• ASSIGNED TASK: Down to the last line below, write out every line exactly, starting with the one that contains "Tarantelo tuna in olive oil" and leaving out the pictures.

• DATA SHOWN:
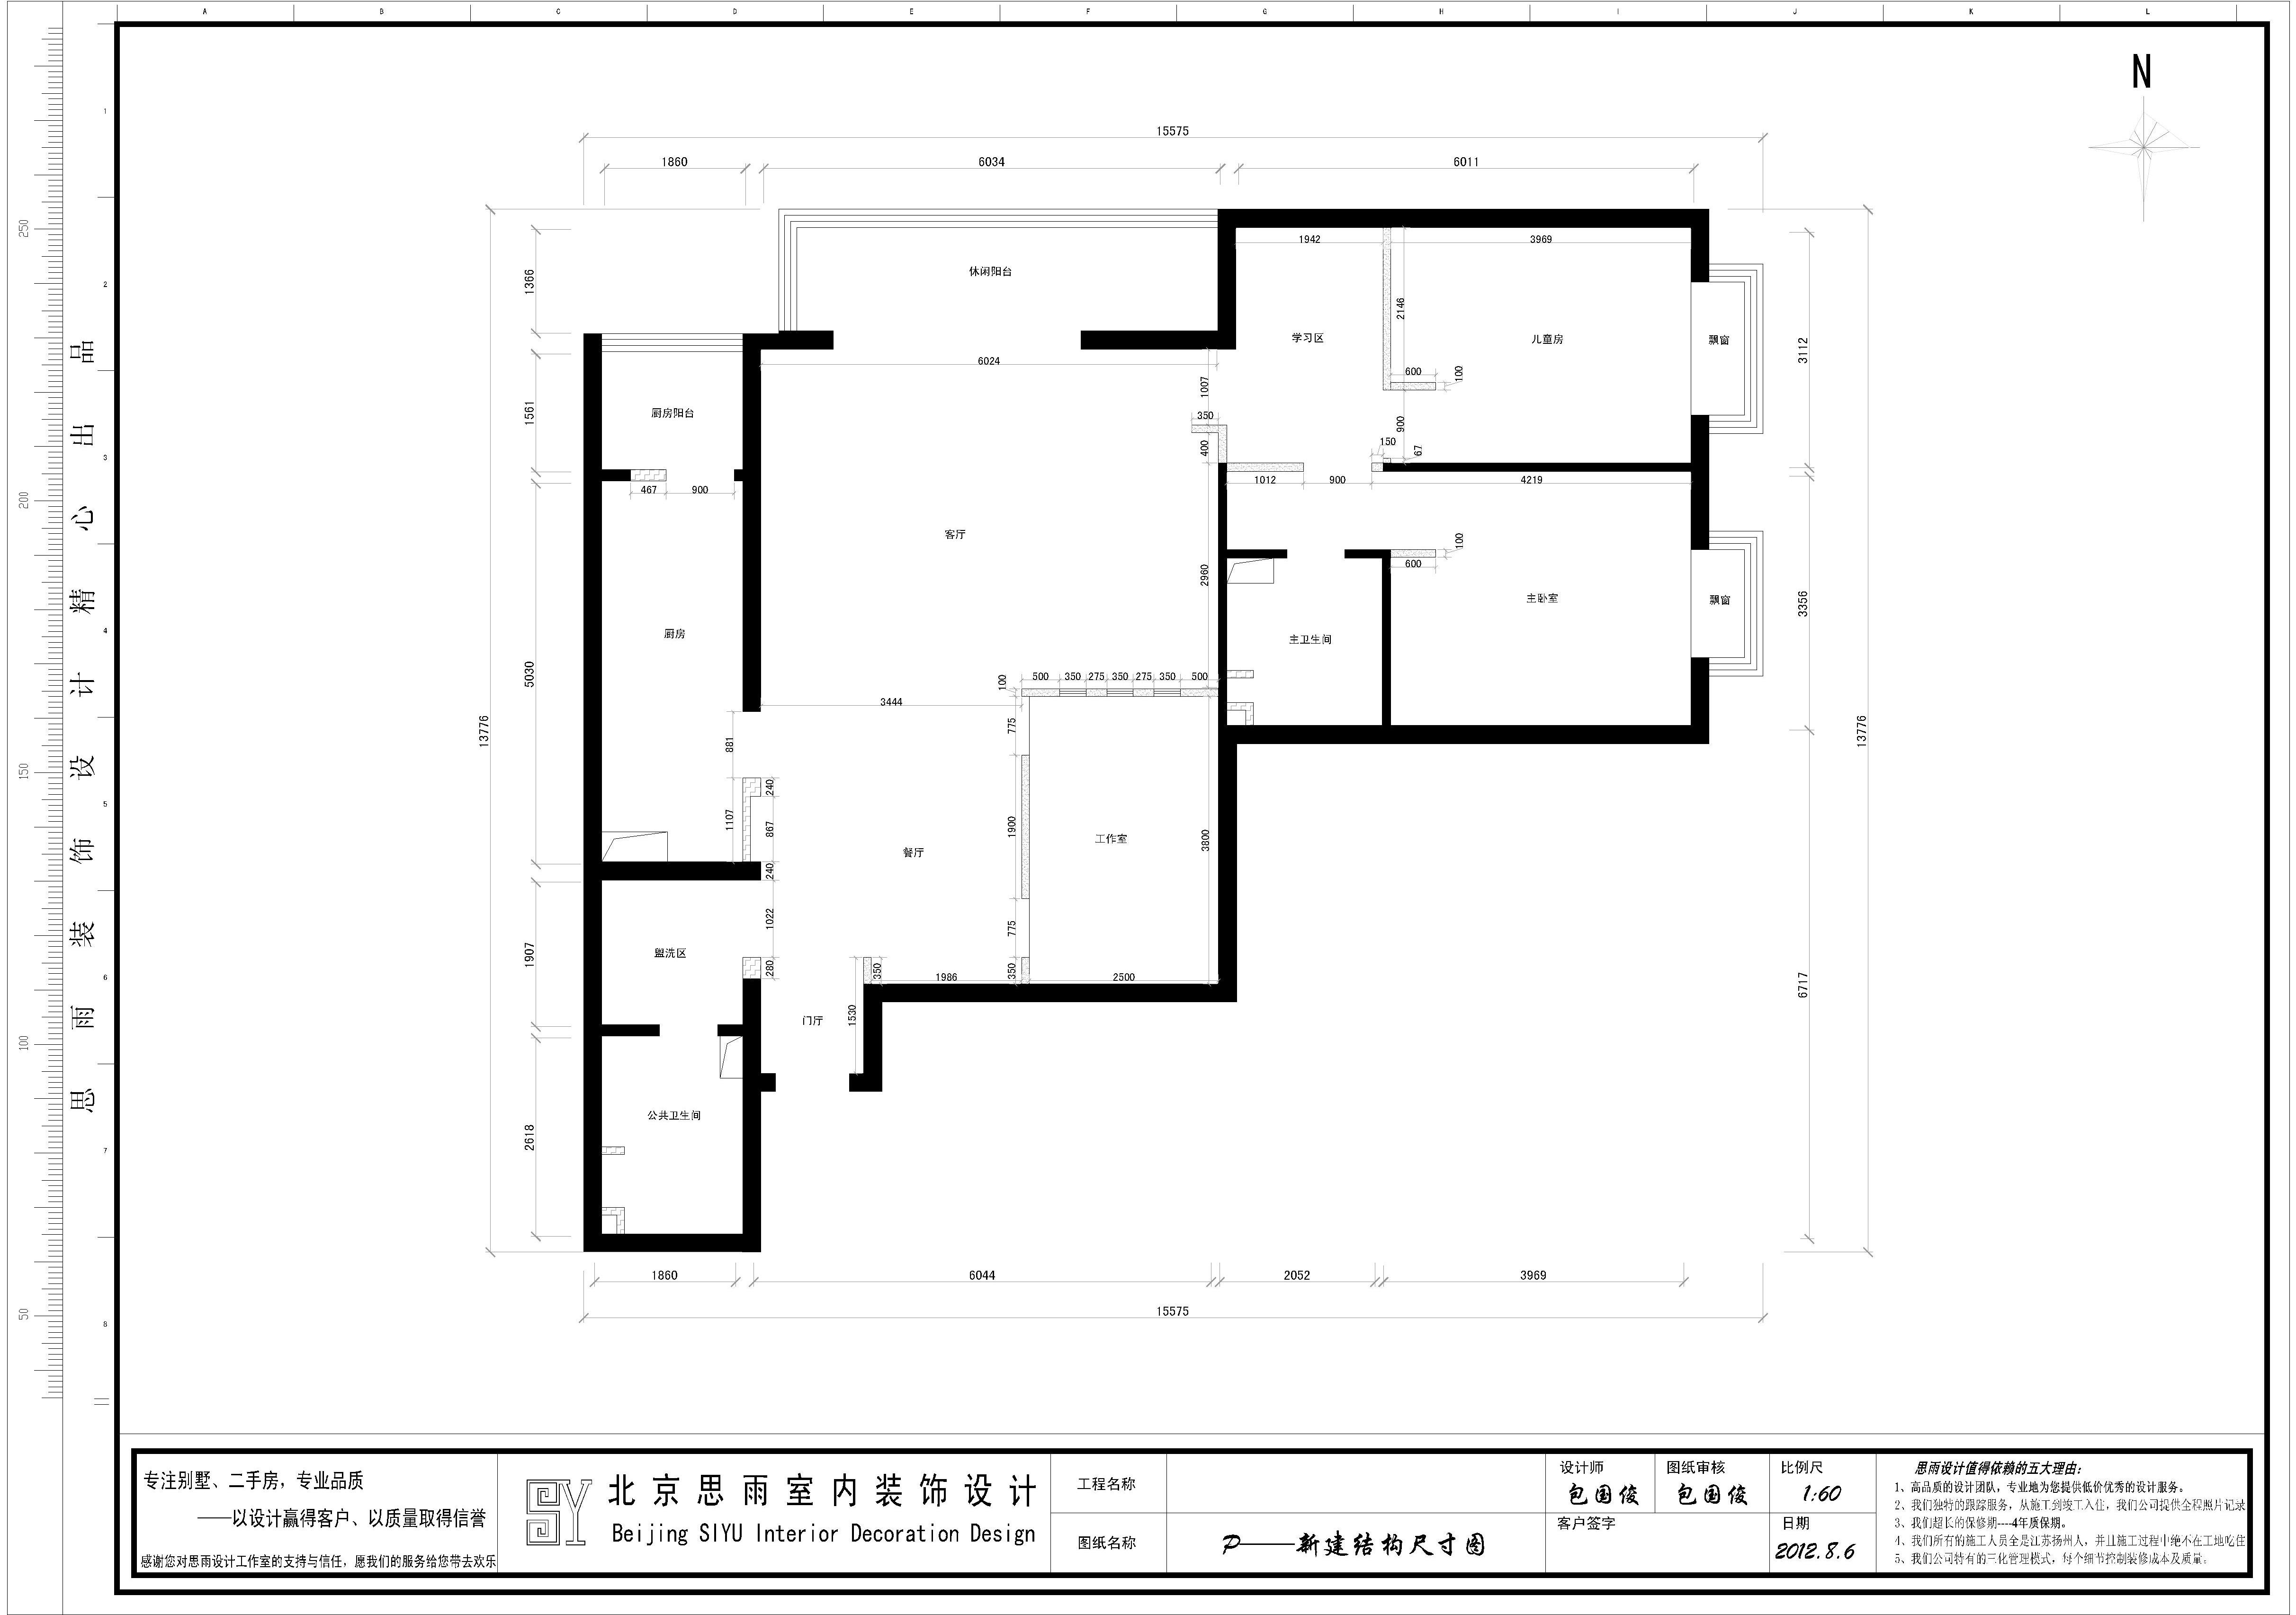 思雨易居 扬州建筑 扬州逅屋 逅屋设计 北京二手房 户型图图片来自思雨易居设计-包国俊在《时髦空间》设计方案汇报的分享
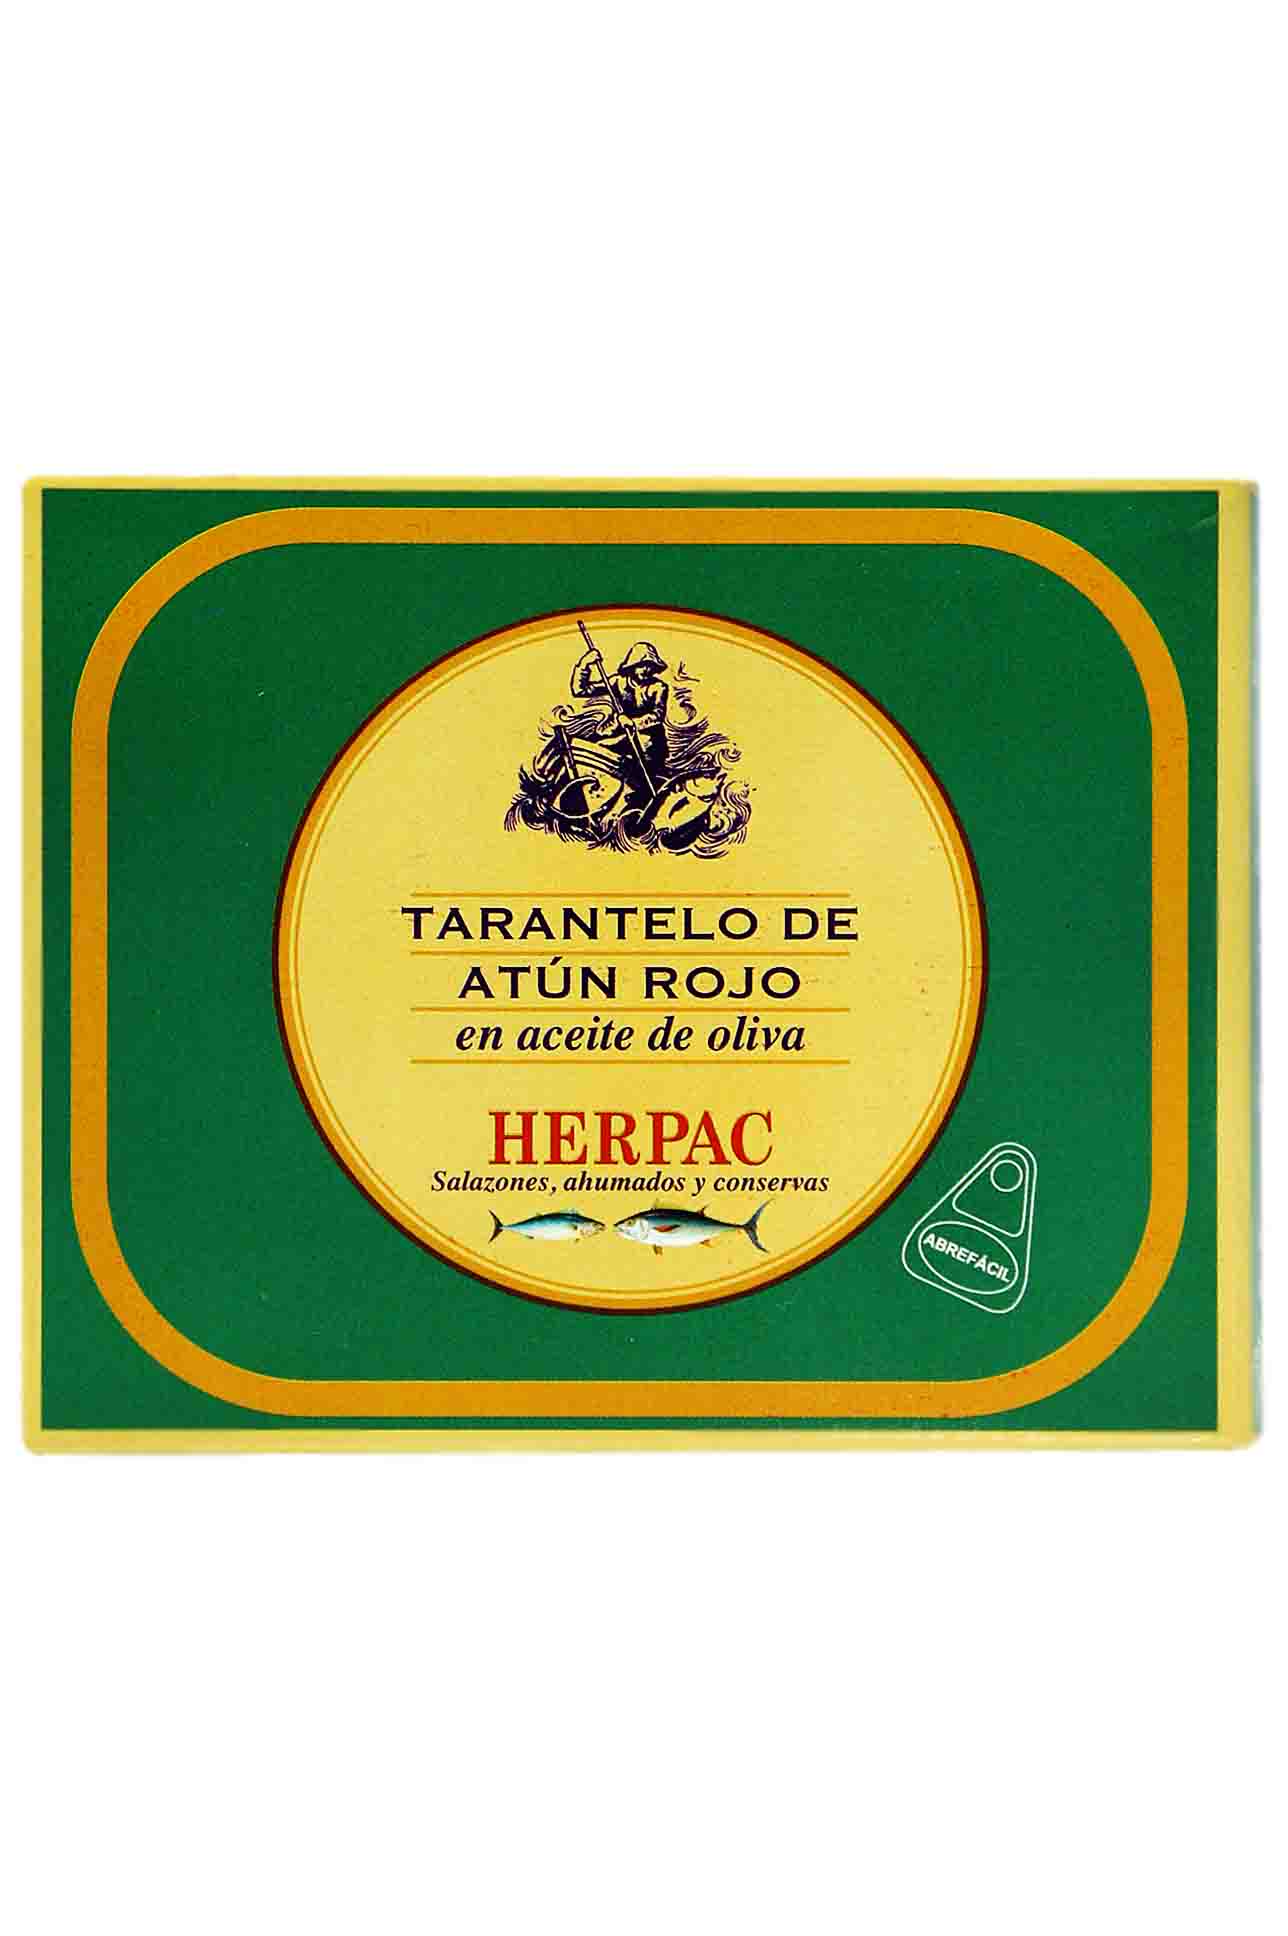 Tarantelo tuna in olive oil
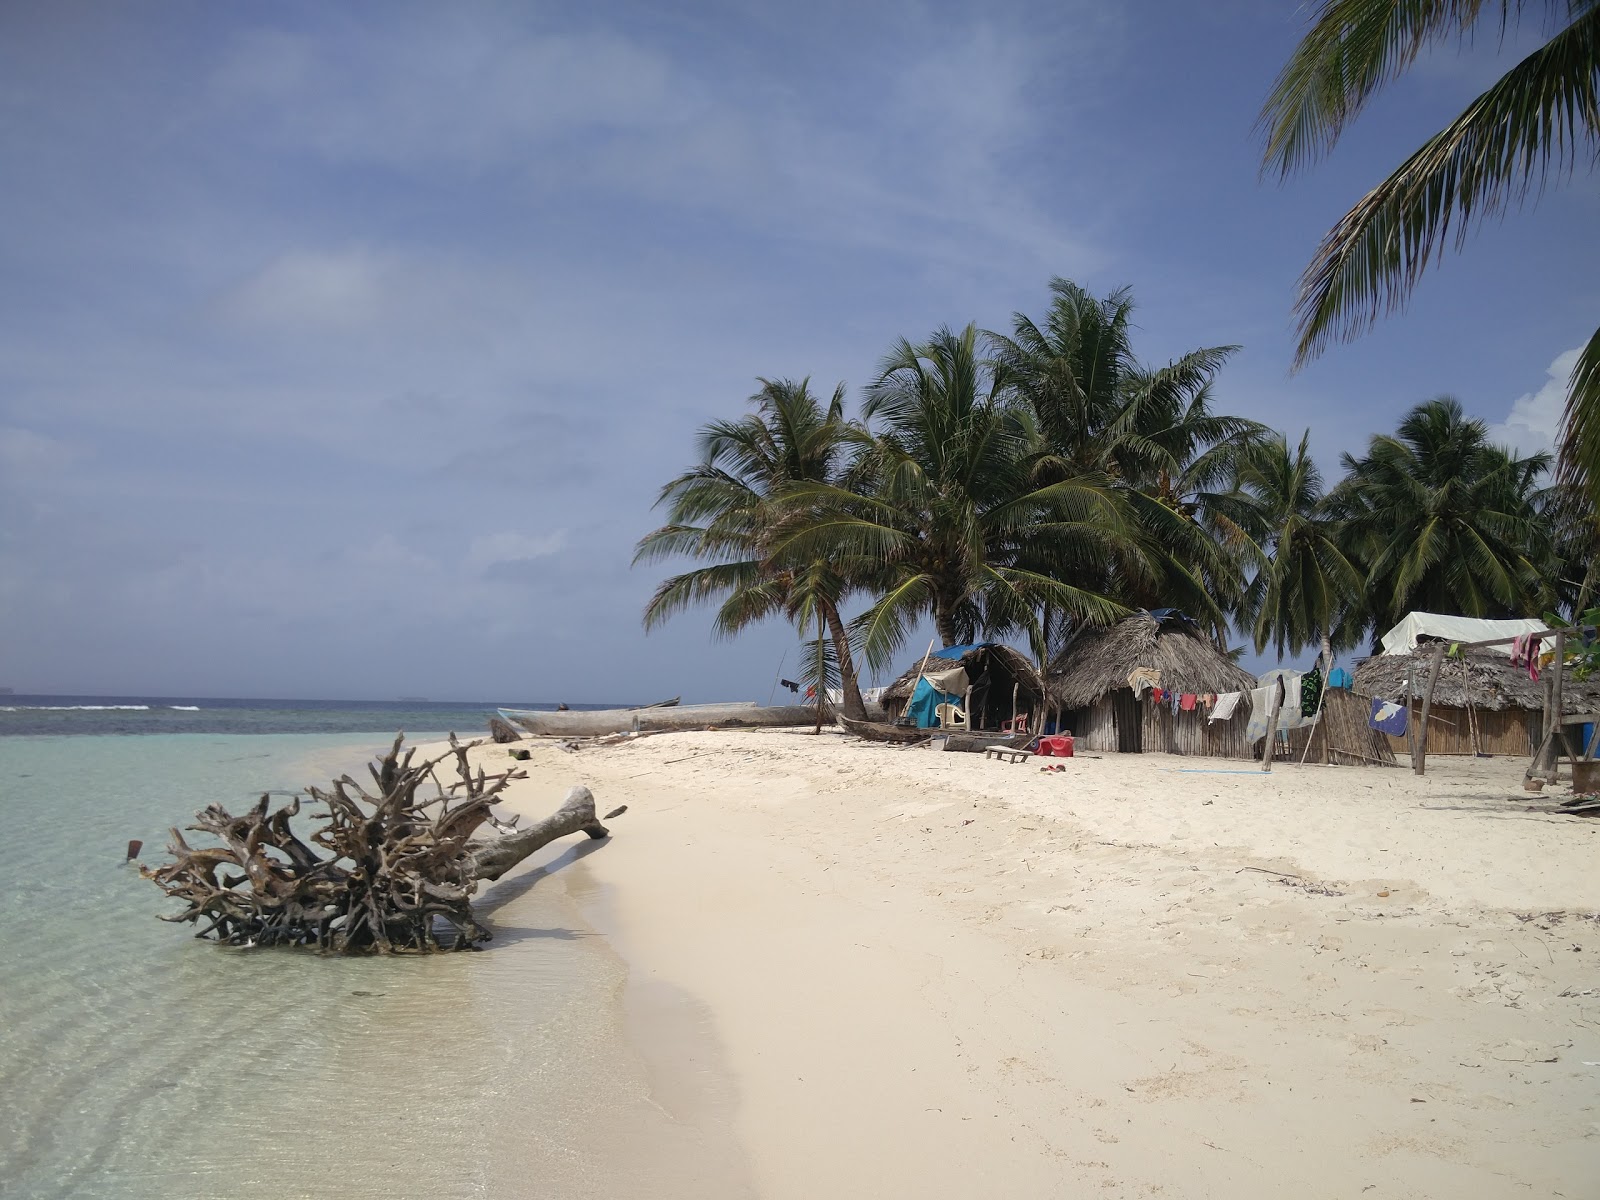 Fotografie cu Coco Blanco Island baech cu o suprafață de nisip fin alb

• EXERCISE SOLUTION:
 Tarantelo tuna in olive oil
 Fotografie cu Coco Blanco Island baech cu o suprafață de nisip fin alb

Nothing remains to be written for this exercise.